The records:
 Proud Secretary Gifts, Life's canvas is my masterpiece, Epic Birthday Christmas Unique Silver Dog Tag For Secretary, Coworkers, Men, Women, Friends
---
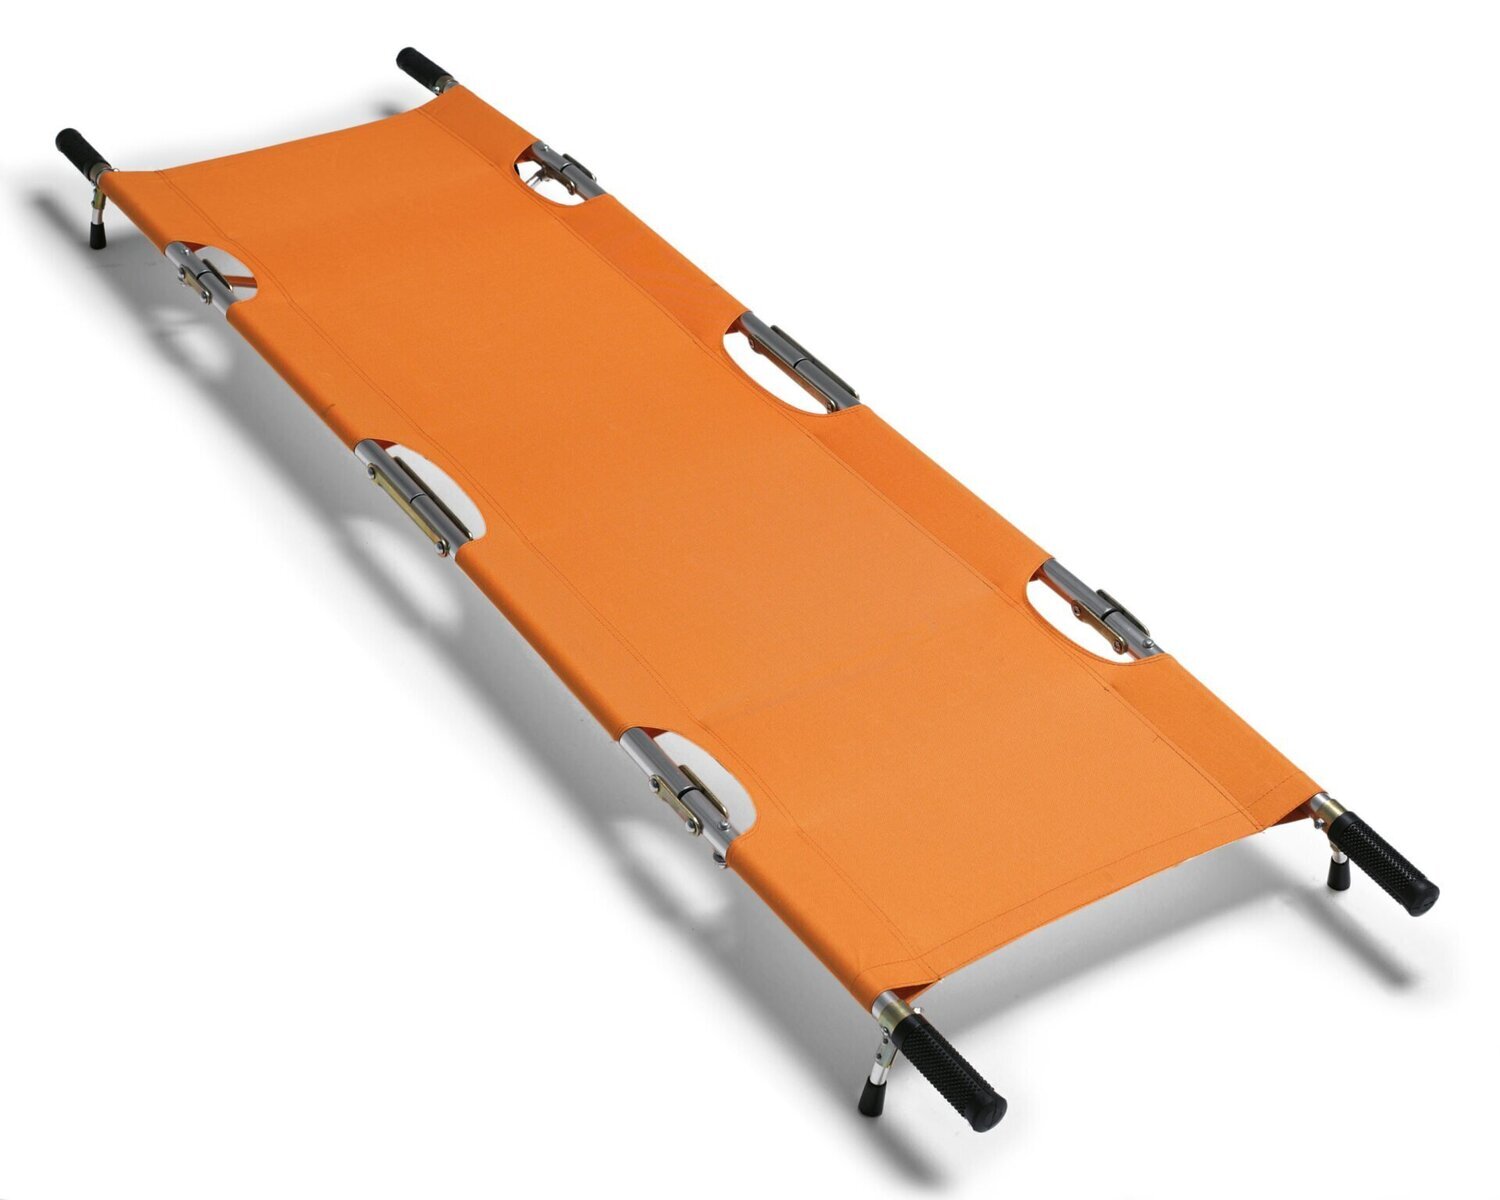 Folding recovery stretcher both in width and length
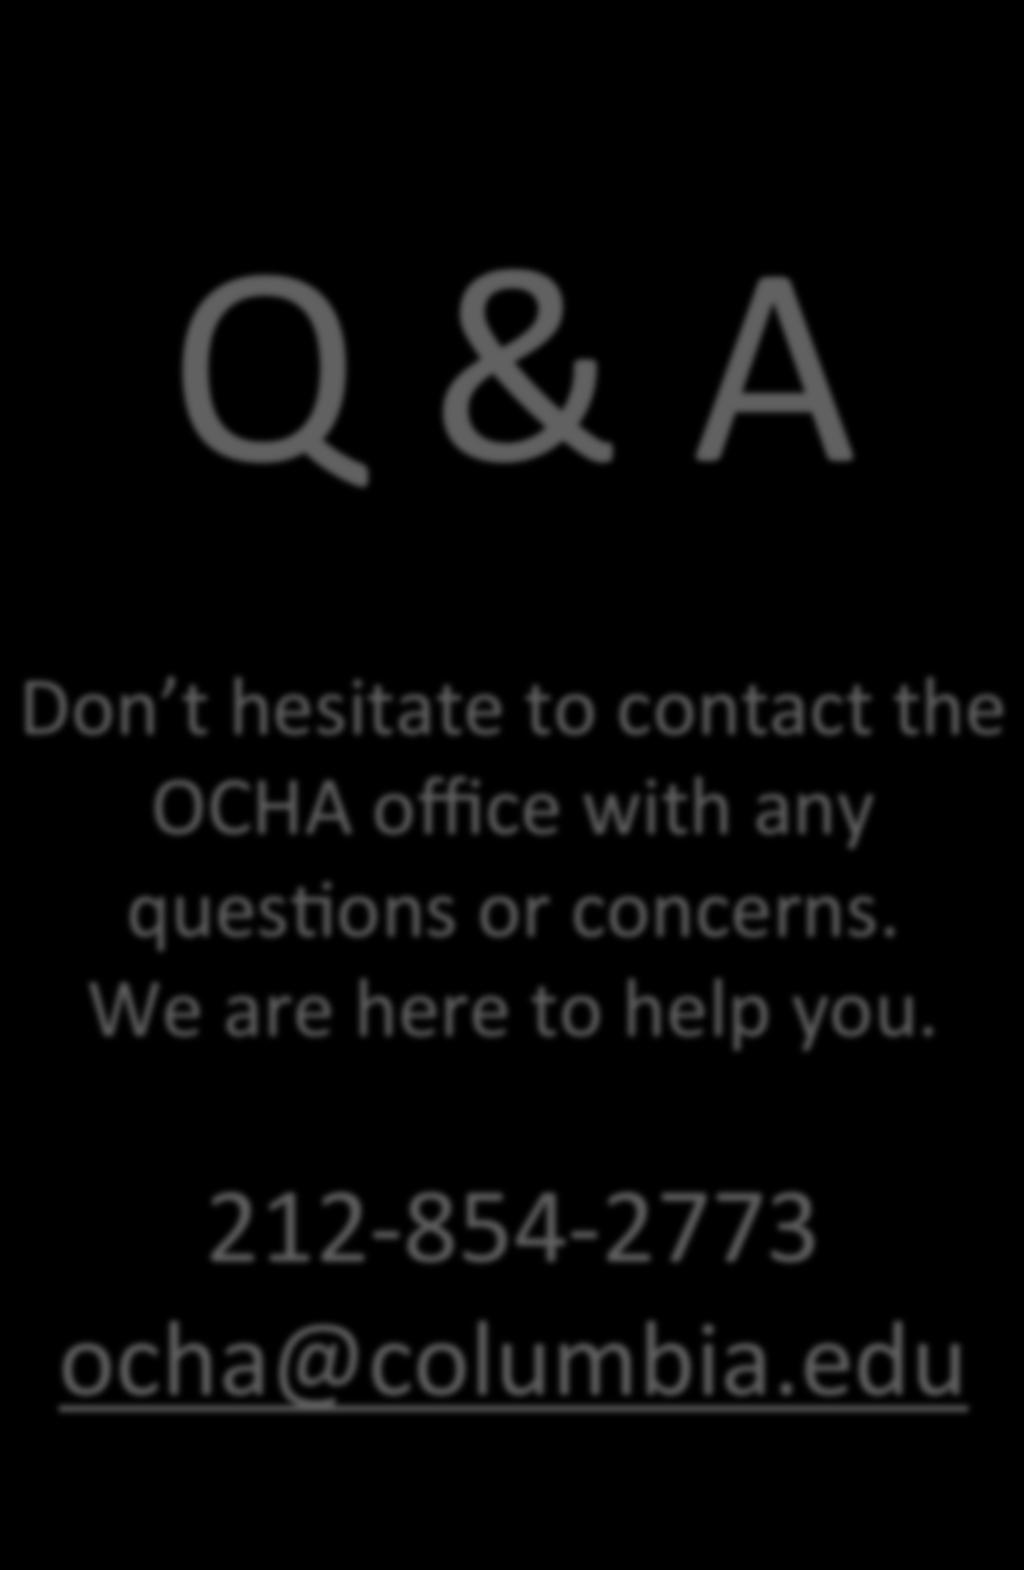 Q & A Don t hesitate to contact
--
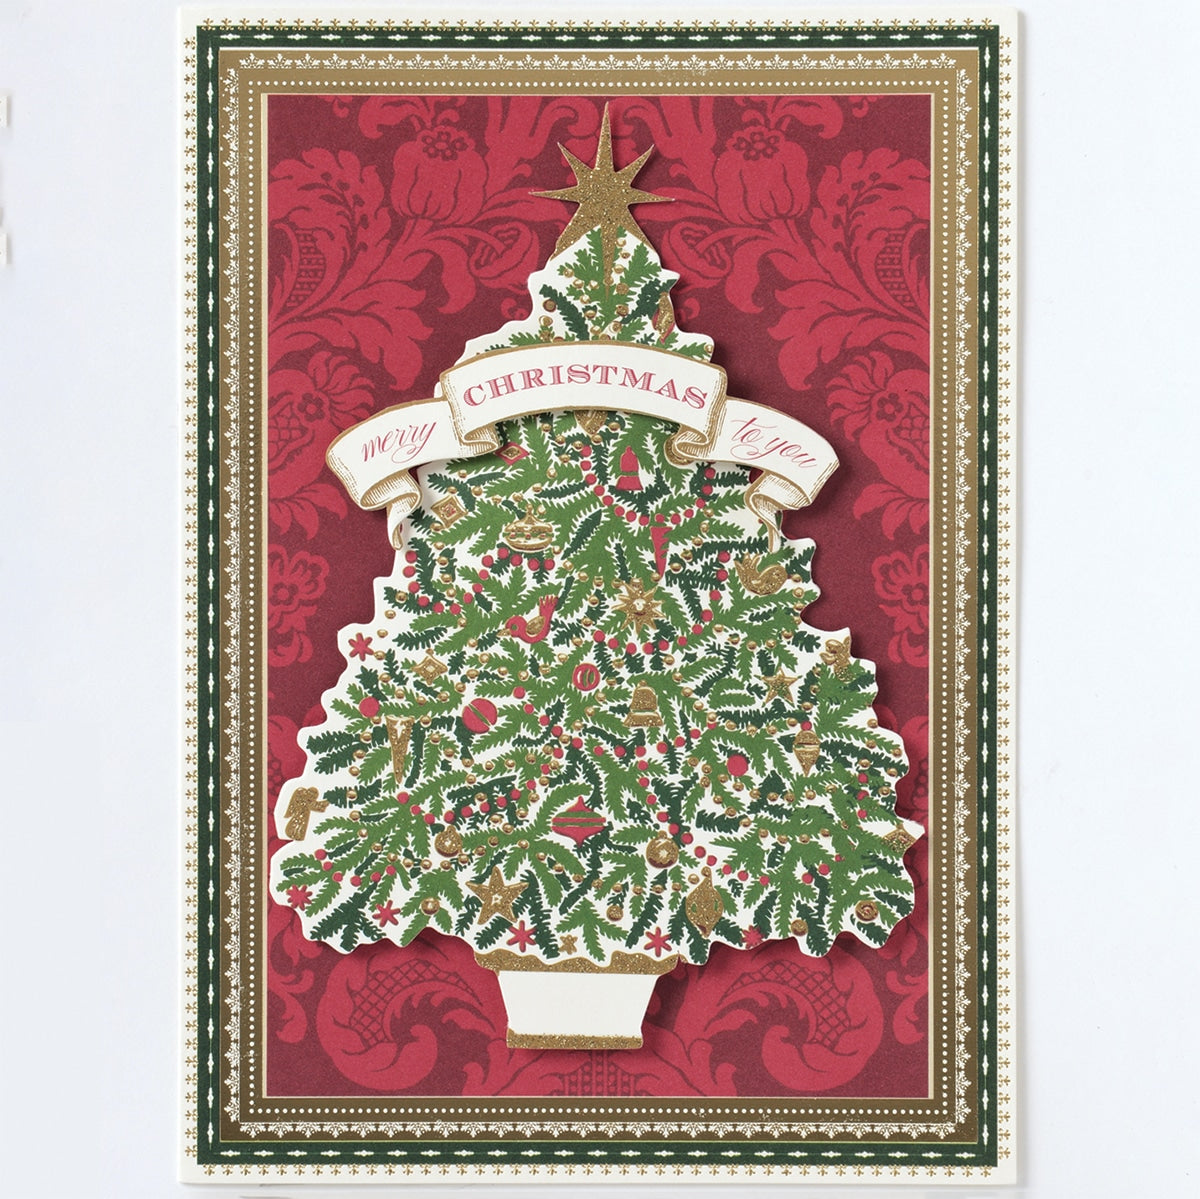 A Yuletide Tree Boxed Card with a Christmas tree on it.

Exercise brief: Would you please repeat only the lines above, beginning at the one that has "Folding recovery stretcher" and stopping after the one that has "Q & A Don t hesitate to contact", exactly and with no pictures?

Written solution:
 Folding recovery stretcher both in width and length
 Q & A Don t hesitate to contact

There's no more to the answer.